Exploring Sym Logs Using AWS Athena

If you're using Kinesis Firehose and S3 to store your Sym event logs, Athena is a helpful tool for parsing and viewing.

Overview

Sym lets you easily configure an S3 Log Destination for archiving Sym activity for audit and compliance purposes in a reliable, cost-effective manner. This guide walks you through how to set up AWS Athena to report on your Sym data in S3.

Sym Configuration

  1. Refer to our docs for configuring an AWS Kinesis Firehose and S3 bucket to add an S3 Log Destination to your Sym Environment.
  2. Once the log destination is set up, you should start to see log data in the bucket in this format:
    s3://bucket/prefix/yyyy/MM/dd/HH/SymS3ReportingLogsMain-date-uuid

Athena configuration

  1. If this is your first time working with Athena in this AWS account, create a database using the “Getting started” instructions: https://docs.aws.amazon.com/athena/latest/ug/getting-started.html
  2. If you have an existing Athena setup, you can use the query console and run: CREATE DATABASE sym_audit
  3. Now to create the table. This DDL depends on the name of the S3 bucket where your Firehose data is being output to:
CREATE EXTERNAL TABLE IF NOT EXISTS sym_events (
      ID STRING,
      SRN STRING,
      Flow STRING,
      Event STRING,
      Status STRING,
      Reason STRING,
      Requester STRING,
      Approver String,
      Denier String,
      Duration STRING,
      Target STRING,
      ErrorCode STRING
    )
    PARTITIONED BY (
     day STRING,
     hour INT
    )
    ROW FORMAT SERDE 'com.amazon.ionhiveserde.IonHiveSerDe'
    WITH SERDEPROPERTIES (
     'ion.srn.path_extractor' = '(run srn)',
     'ion.flow.path_extractor' = '(run flow)',
     'ion.event.path_extractor' = '(event type)',
     'ion.status.path_extractor' = '(state status)',
     'ion.reason.path_extractor' = '(fields reason)',
     'ion.requester.path_extractor' = '(run actors request username)',
     'ion.approver.path_extractor' = '(run actors approve username)',
     'ion.denier.path_extractor' = '(run actors deny username)',
     'ion.duration.path_extractor' = '(fields duration)',
     'ion.target.path_extractor' = '(fields target name)',
     'ion.errorcode.path_extractor' = '(state errors 0 code)'
    )
    STORED AS ION
    LOCATION 's3://sym-firehose-logs-main-ACCOUNTID/'
    TBLPROPERTIES (
     'projection.enabled' = 'true',
     'projection.day.type' = 'date',
     'projection.day.format' = 'yyyy/MM/dd',
     'projection.day.range' = '2021/01/01,NOW',
     'projection.day.interval' = '1',
     'projection.day.interval.unit' = 'DAYS',
     'projection.hour.type' = 'integer',
     'projection.hour.range' = '0,23',
     'projection.hour.digits' = '2',
     'storage.location.template' = 's3://sym-firehose-logs-main-ACCOUNTID/${day}/${hour}/'
    )

More details on the sym_events Athena Table

ION SerDe
The Athena table we create uses a SerDe (Serializer/Deserializer) to parse the JSON data in our S3 bucket and turn it into tabular data that is suitable for reporting.

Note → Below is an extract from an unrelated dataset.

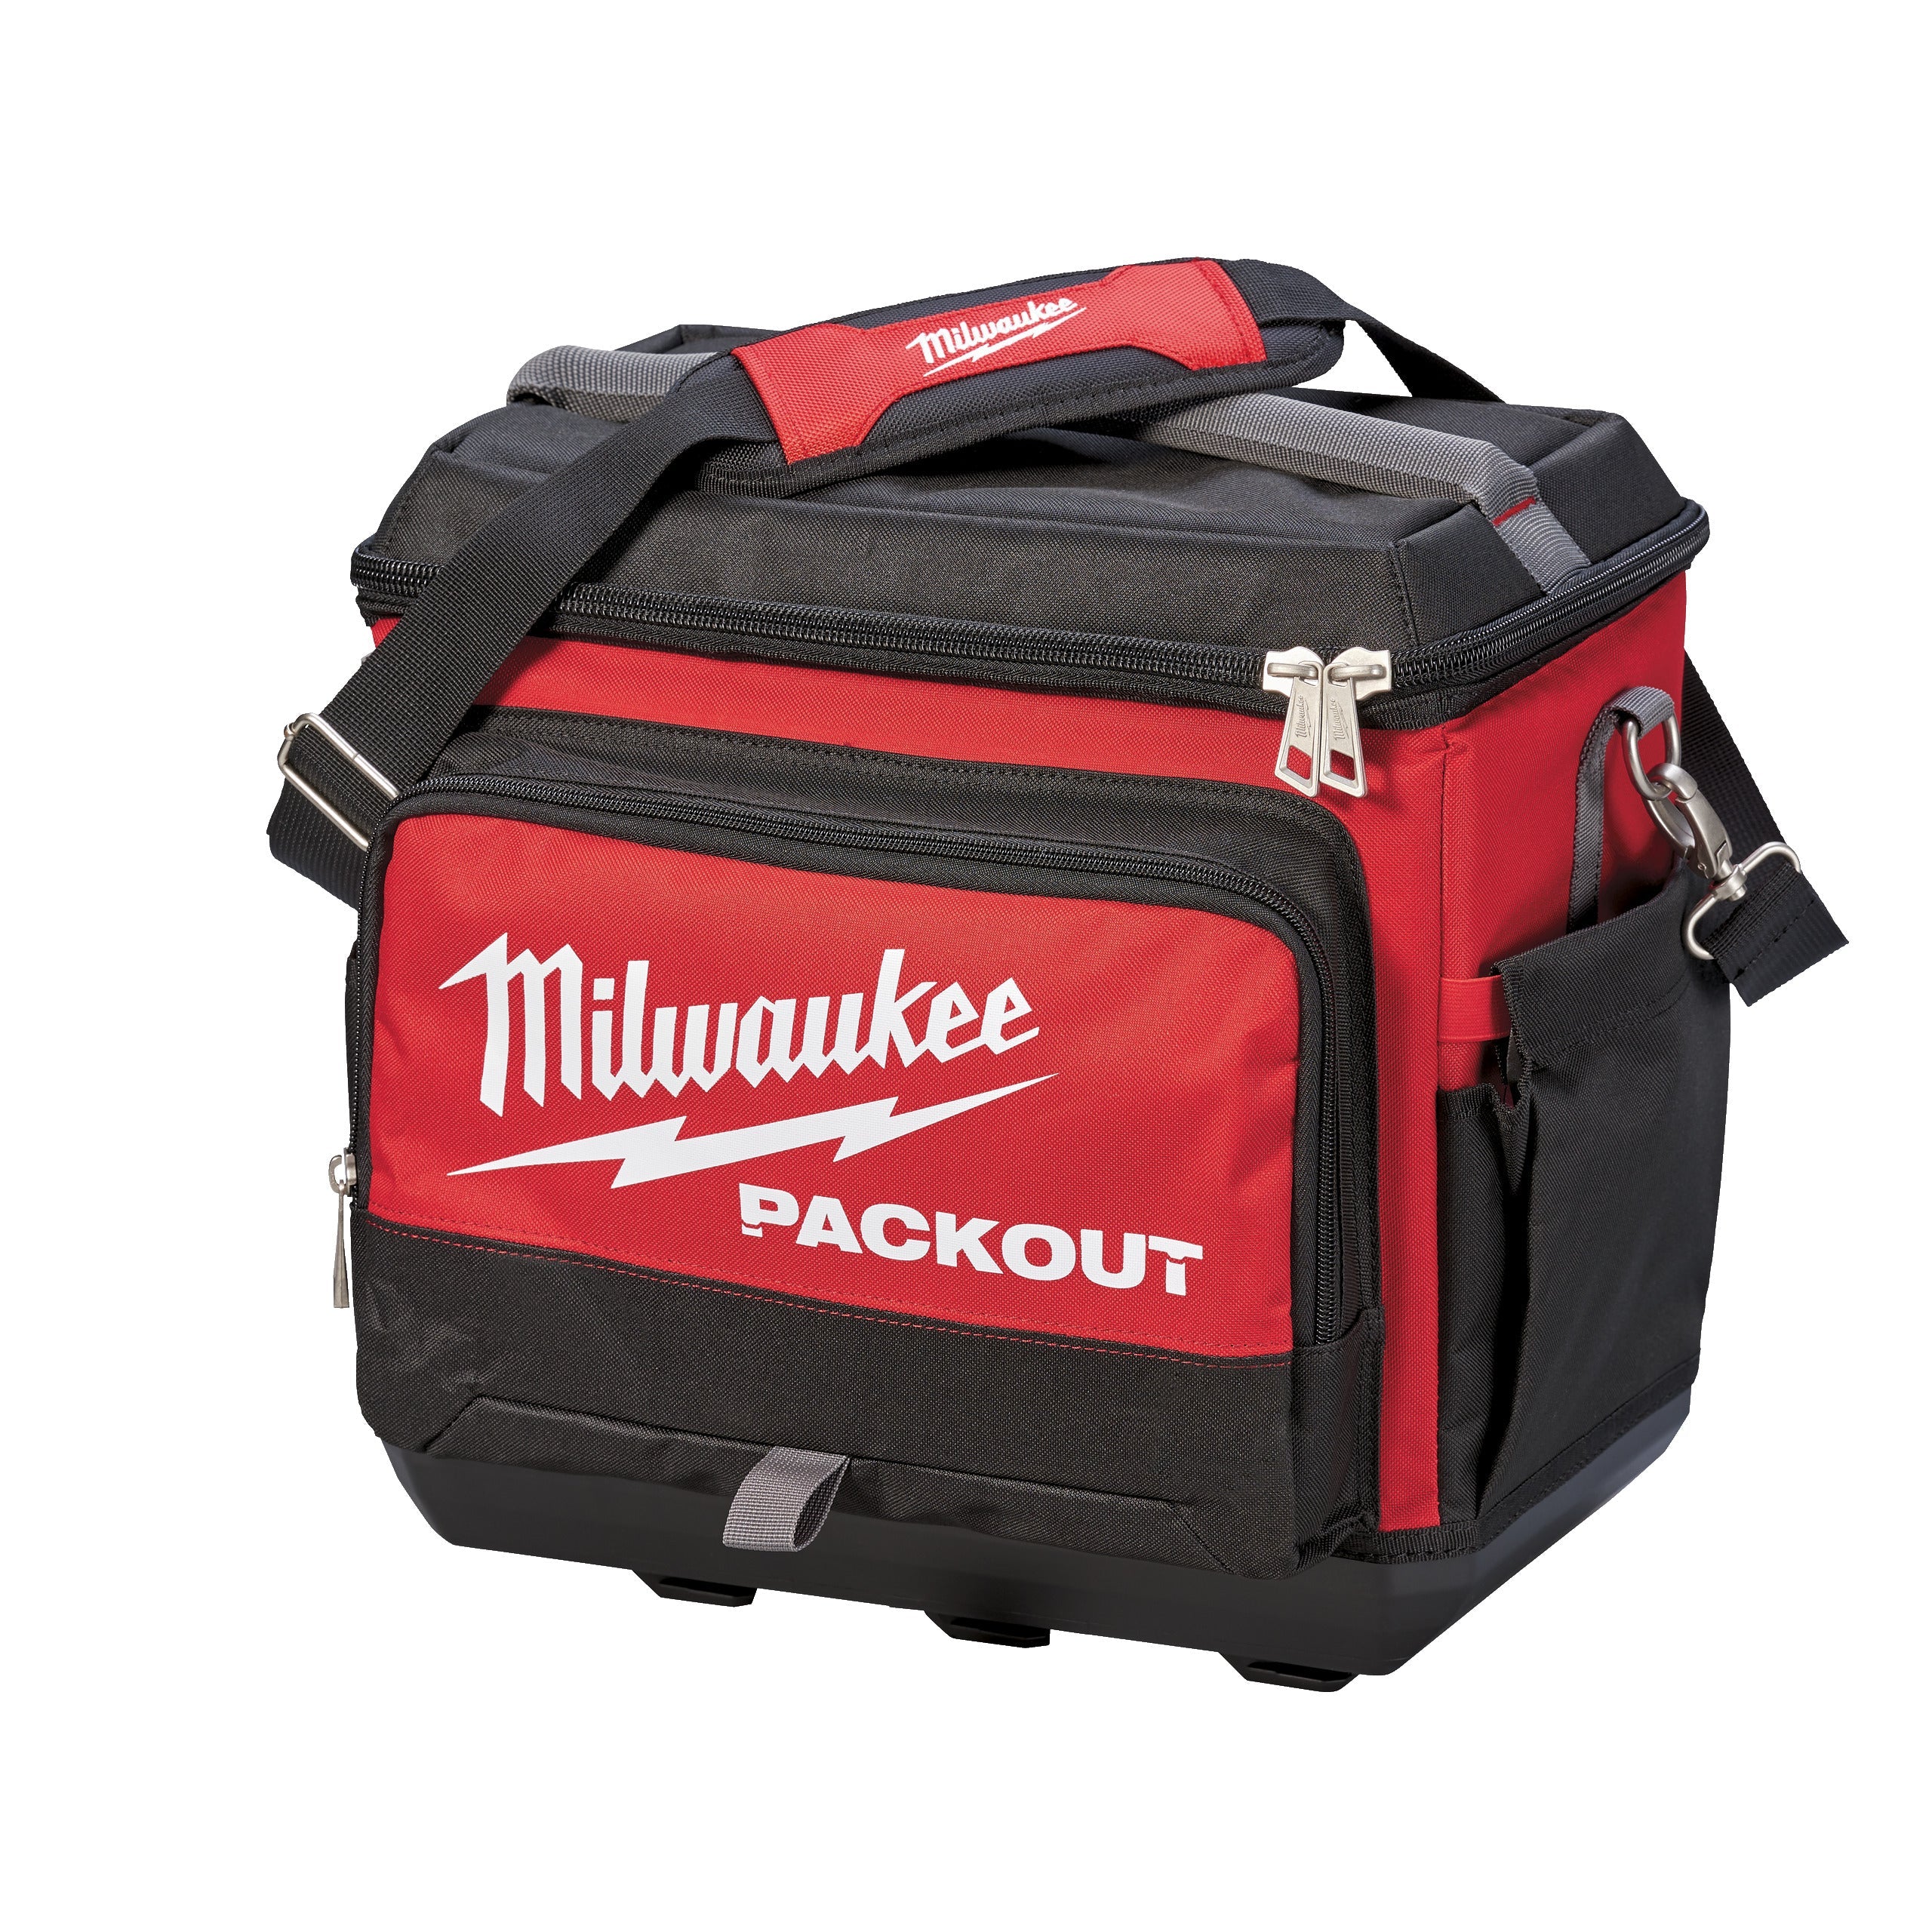 Geantă termică Packout Milwaukee cod 4932471132

Kinesis does not output JSON log objects on separate lines, so our table uses the Apache ION SerDE. ION is a superset of the JSON SerDe options that supports files where there is no newline separator between JSON objects.

In our example, we are using ION Path Extractors to map nested JSON properties to columns of our table.

Partition Projection
AWS provides guidance on how to partition data by date using the Kinesis Firehose output prefixes. Our table uses separate columns for Day and Time. You can query on date ranges such as WHERE DAY >= '2022/02/01'.

Running Reports

Once your table is set up, you can run queries for specific date ranges or users, such as:

SELECT *
FROM sym_events
WHERE DAY >= '2023/01/01'
AND DAY < '2023/02/01' 
AND APPROVER = '[email protected]'

Next steps

Downloading results

If you need local copies of your queries for compliance or other long-term use, you can download your query results from the Athena console in CSV format.

Manage your query in Terraform

If you'd like to manage your Athena query in Terraform, AWS provides a resource for a named Athena query, which you can use to manage your reporting queries as well as the create DDL if you want to:

resource "aws_athena_named_query" "foo" {
  name      = "bar"
  workgroup = aws_athena_workgroup.test.id
  database  = aws_athena_database.hoge.name
  query     = "<YOUR QUERY>"
}

Adding more fields to your query

Refer to our Reporting Overview for reference to any other fields you might want to include in your query.